This is because z_o = w2 * a_h + b2, so the derivative with respect to w2 is simply a_h.

Putting it all together:

dL/dw2 = -(y - a_o) * a_o * (1 - a_o) * a_h

Gradient for w1:

For w1, the chain is longer because w1 is further from the output. But the principle is exactly the same - we just multiply more terms together. We need to go through more steps:

dL/dw1 = (dL/da_o) * (da_o/dz_o) * (dz_o/da_h) * (da_h/dz_h) * (dz_h/dw1)

A quick note for you

No matter which tech domain you work in, get familiar with these topics:

LLM
RAG
MCP
Agent
Fine-tuning
Quantization

We put it all together in one video:

AI Engineering Explained: LLM, RAG, MCP, Agent, Fine-Tuning, and Quantization

No need to stop reading - bookmark it and watch later when you get time. Future you will thank you.

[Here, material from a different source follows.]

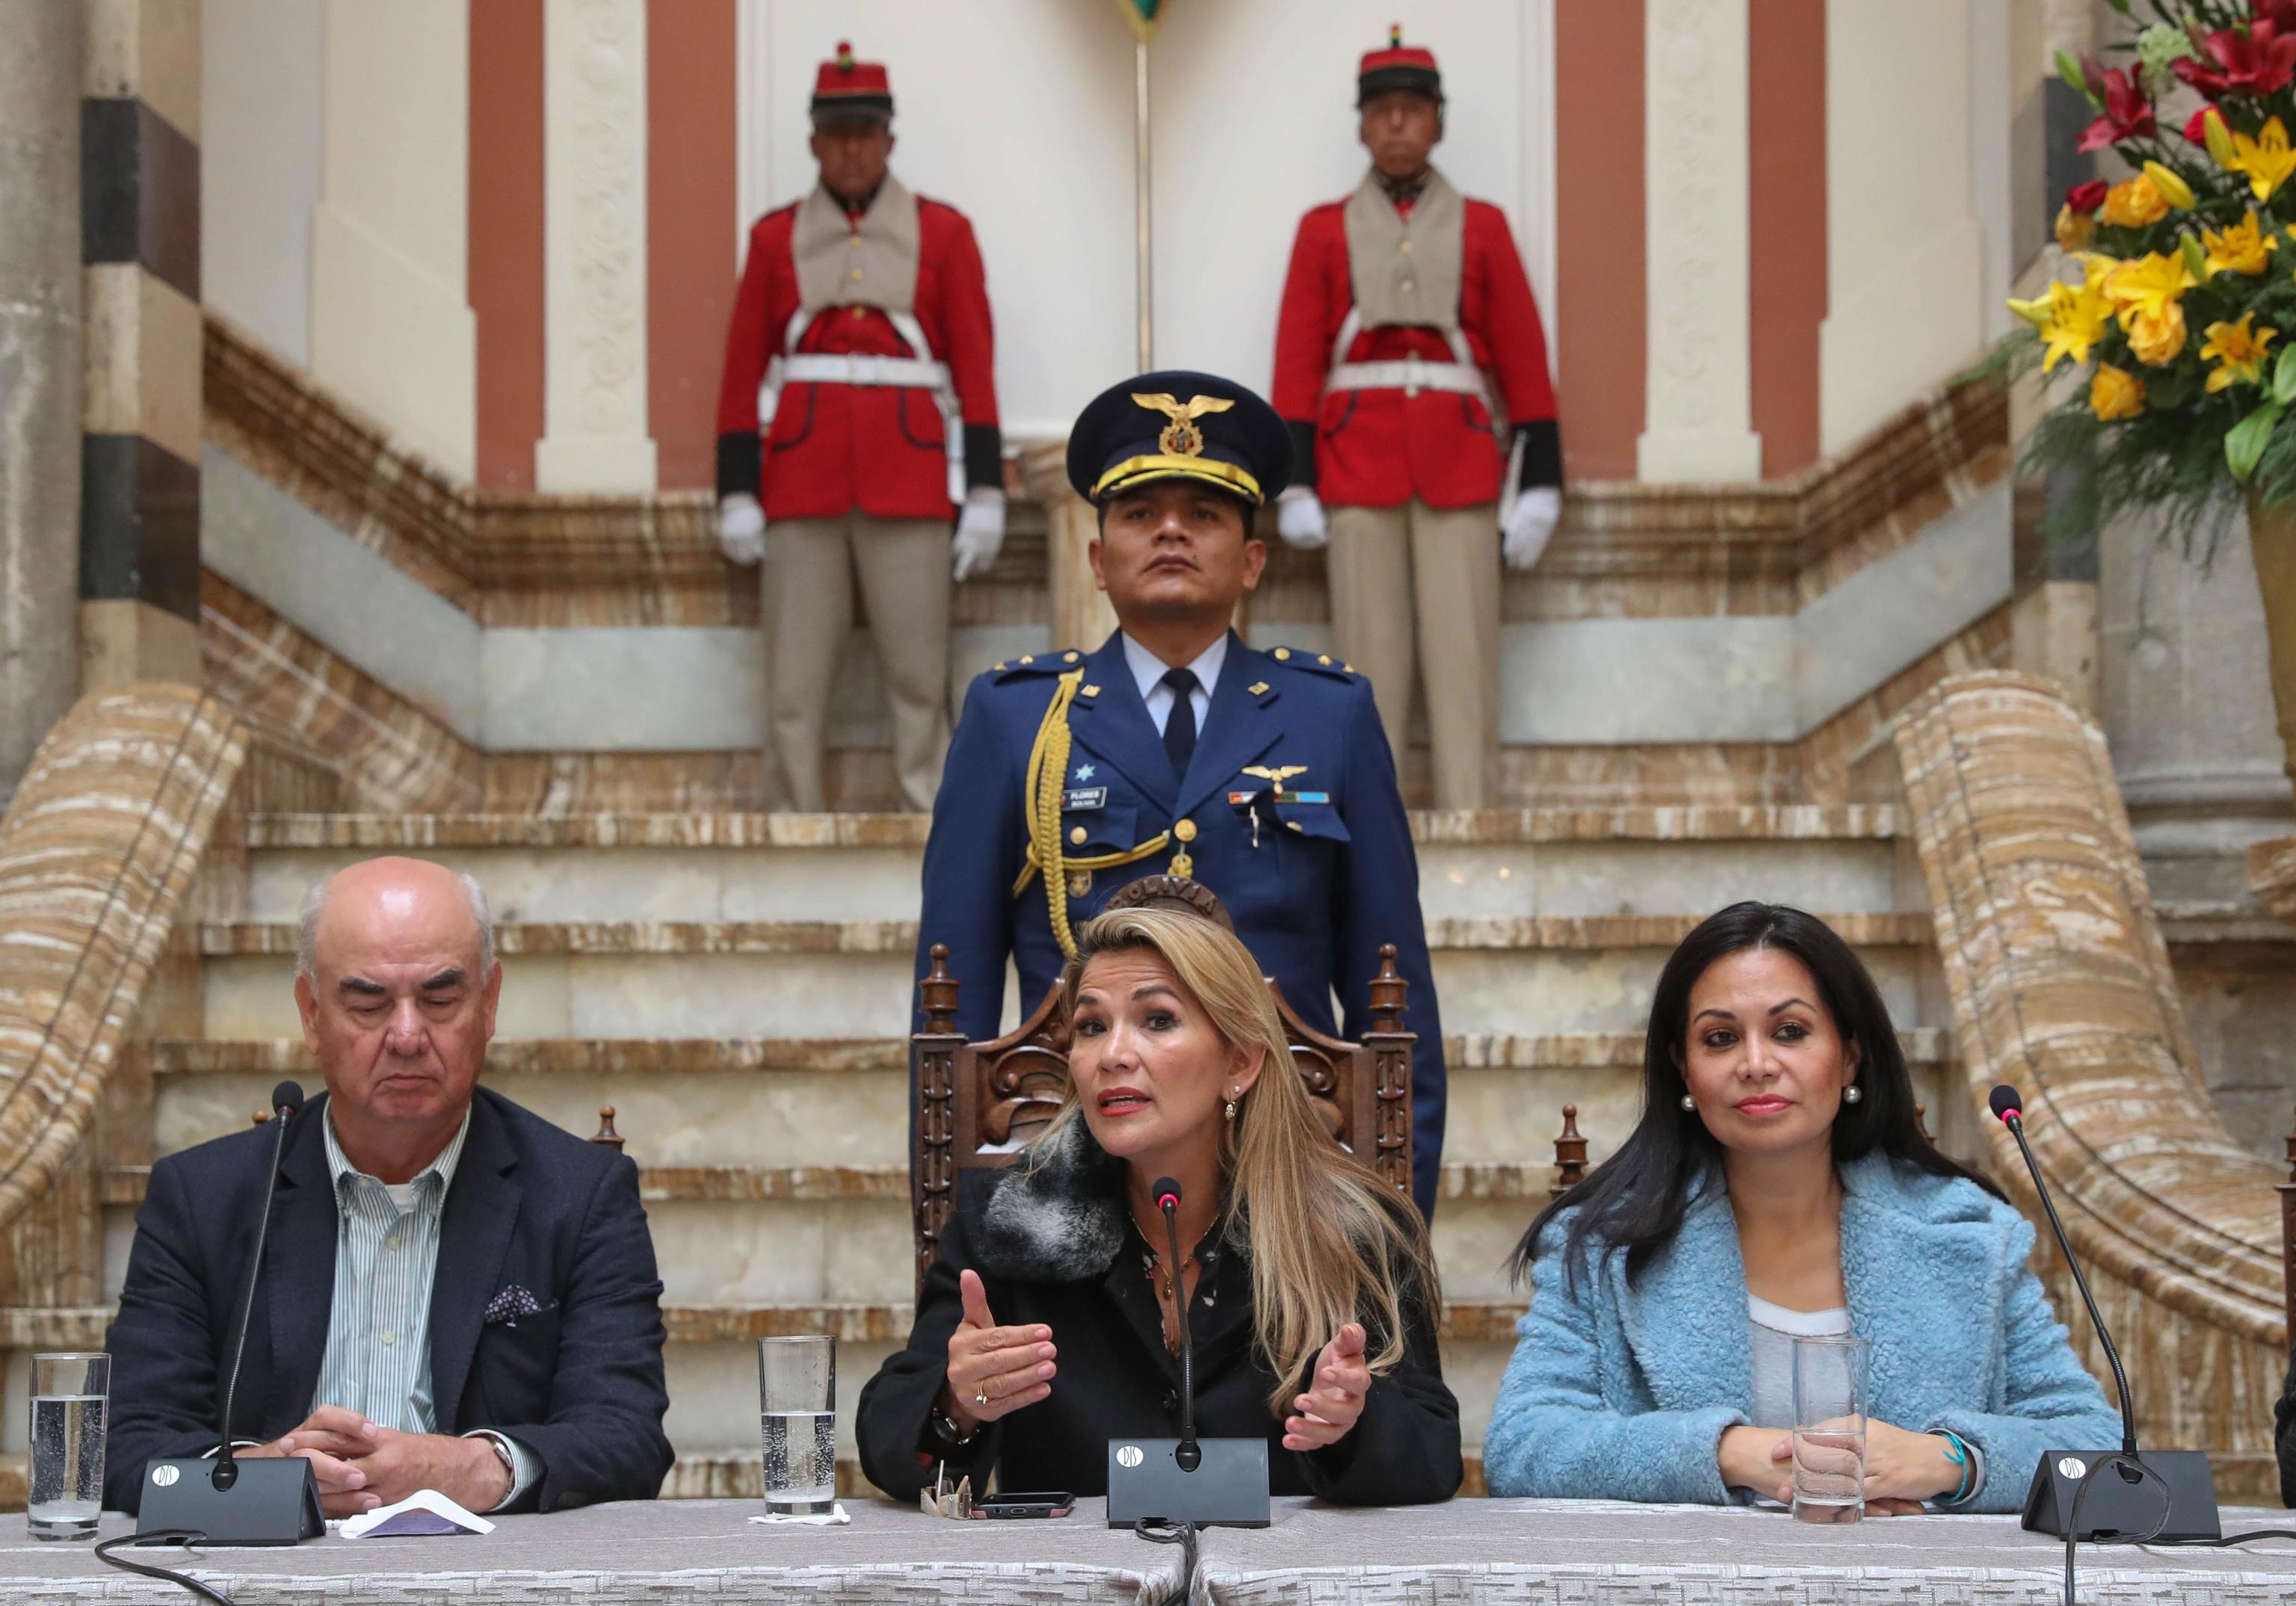 epa07999521 Interim President of Bolivia, Jeanine Anez (C) speaks along with Ministers of Economy, Jose Luis Parada (L) and Minister of Communication, Roxana Lizarraga (R) at a press conference at Government Palace in La Paz, Bolivia, 15 November 2019. Anez announced that this day she hopes to start the process for new elections after the failed elections that led to the resignation of Evo Morales.  EPA/RODRIGO SURA

Now, let's get back to the topic.

We already know the first two terms. Let's calculate the new ones:

dz_o/da_h = w2

This is because z_o = w2 * a_h + b2, so the derivative with respect to a_h is w2.

da_h/dz_h = a_h * (1 - a_h)

This is again the derivative of the sigmoid function.

dz_h/dw1 = x

This is because z_h = w1 * x + b1, so the derivative with respect to w1 is x.

Putting it all together:

dL/dw1 = -(y - a_o) * a_o * (1 - a_o) * w2 * a_h * (1 - a_h) * x

Here, we can see that the gradient for w1 reuses the error signal dL/da_o * da_o/dz_o that we already computed for w2. This is the key insight of backpropagation - we reuse the error signals computed at later layers when computing gradients for earlier layers. This makes the computation very efficient because we do not have to calculate everything from scratch for each weight.

Gradients for biases:

We also need to calculate the gradients for the biases. The process is similar. For b2, since z_o = w2 * a_h + b2, the derivative of z_o with respect to b2 is simply 1. So:

dL/db2 = -(y - a_o) * a_o * (1 - a_o) * 1

Similarly, for b1, since z_h = w1 * x + b1, the derivative of z_h with respect to b1 is 1. So:

dL/db1 = -(y - a_o) * a_o * (1 - a_o) * w2 * a_h * (1 - a_h) * 1

Here, we can see that the bias gradients follow the same chain rule pattern as the weight gradients. The only difference is that the last term in the chain is 1 instead of the input value.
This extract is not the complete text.